2 TSX Value Stocks to Buy When Everyone Else Is Selling

I’m still puzzled as to why these two Canadian stocks continue to be ignored by the market.

| More on:
money goes up and down in balance

Source: Getty Images

It’s not hard to feel the fear these days. With inflation creeping back, trade tensions rising, and the TSX lagging global markets, many investors are retreating to the sidelines. But sometimes the best opportunities come when others are giving up. If you’re willing to zig when others zag, two under-appreciated TSX stocks offer real value right now. Those are OpenText (TSX:OTEX) and Cargojet (TSX:CJT).

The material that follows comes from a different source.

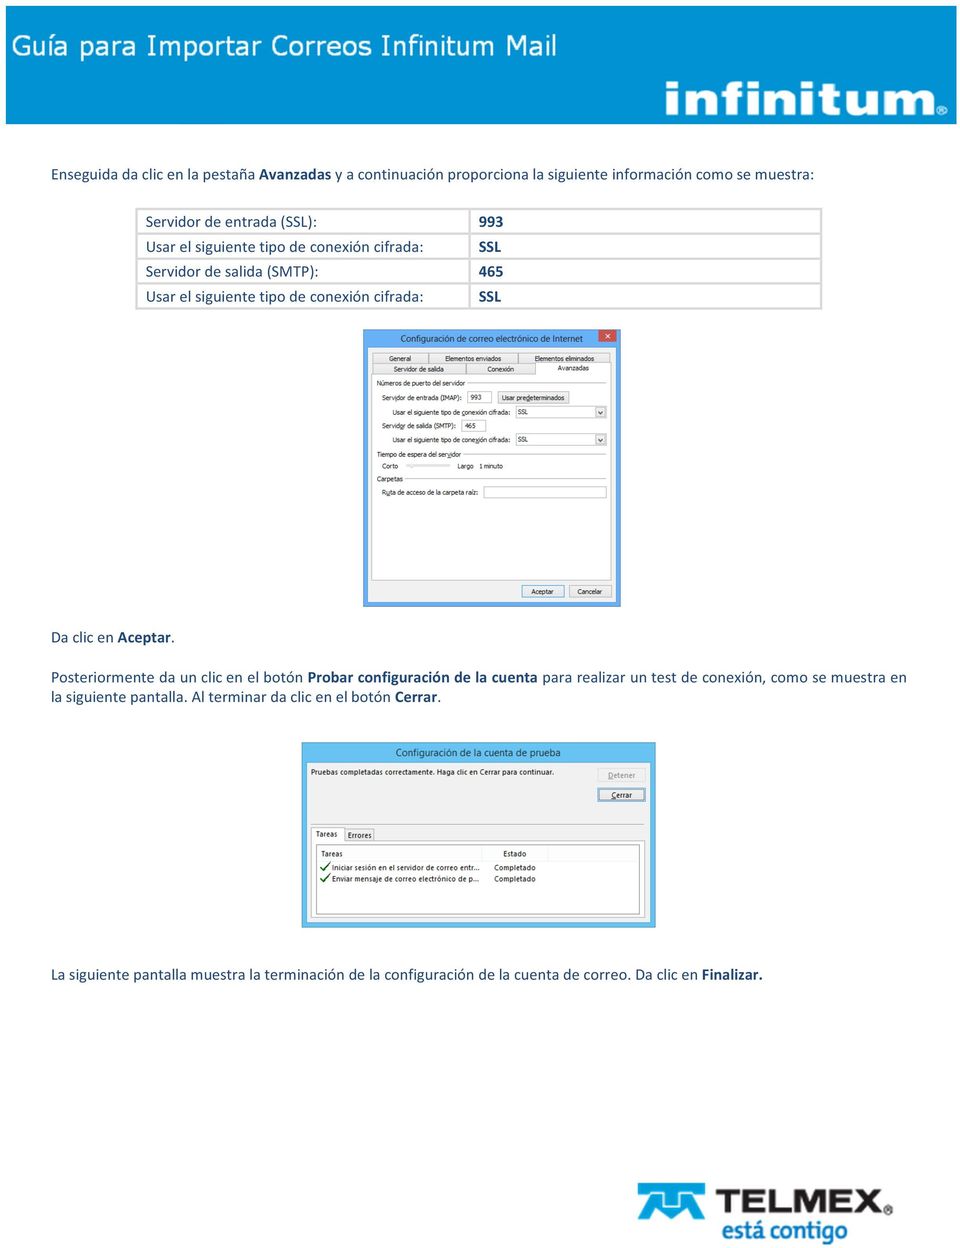 Posteriormente da un clic en el botón Probar configuración de la cuenta para realizar un test de conexión, como se muestra en la siguiente pantalla.

Let’s be clear: these aren’t flavour-of-the-month growth darlings. In fact, both Canadian stocks have seen their share prices slump over the past year. But scratch beneath the surface and there’s a very different story taking shape.

OpenText

OpenText recently reported third-quarter results for fiscal 2025, and while total revenue dropped 13.3% year over year to US$1.3 billion, that headline masks some important wins. Cloud revenue, arguably the company’s most important long-term growth engine, rose 1.8% to US$463 million, marking its 17th straight quarter of organic growth. Adjusted earnings before interest, taxes, depreciation and amortization (EBITDA) also held strong at US$395 million, giving the Canadian stock a healthy 31.5% margin.

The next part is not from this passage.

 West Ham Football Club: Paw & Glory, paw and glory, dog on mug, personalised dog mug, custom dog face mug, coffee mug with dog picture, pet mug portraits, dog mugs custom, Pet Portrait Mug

CEO Mark Barrenechea acknowledged some “demand volatility” but emphasized OpenText’s ability to deliver free cash flow, and invest in strategic areas like cybersecurity and artificial intelligence (AI). The company’s Titanium X platform and Aviator AI suite are already expanding into hybrid environments, and OpenText has doubled down with a $200 million final phase of its business optimization plan. While this does result in 2,000 job cuts, it’s expected to save up to $550 million annually by 2027.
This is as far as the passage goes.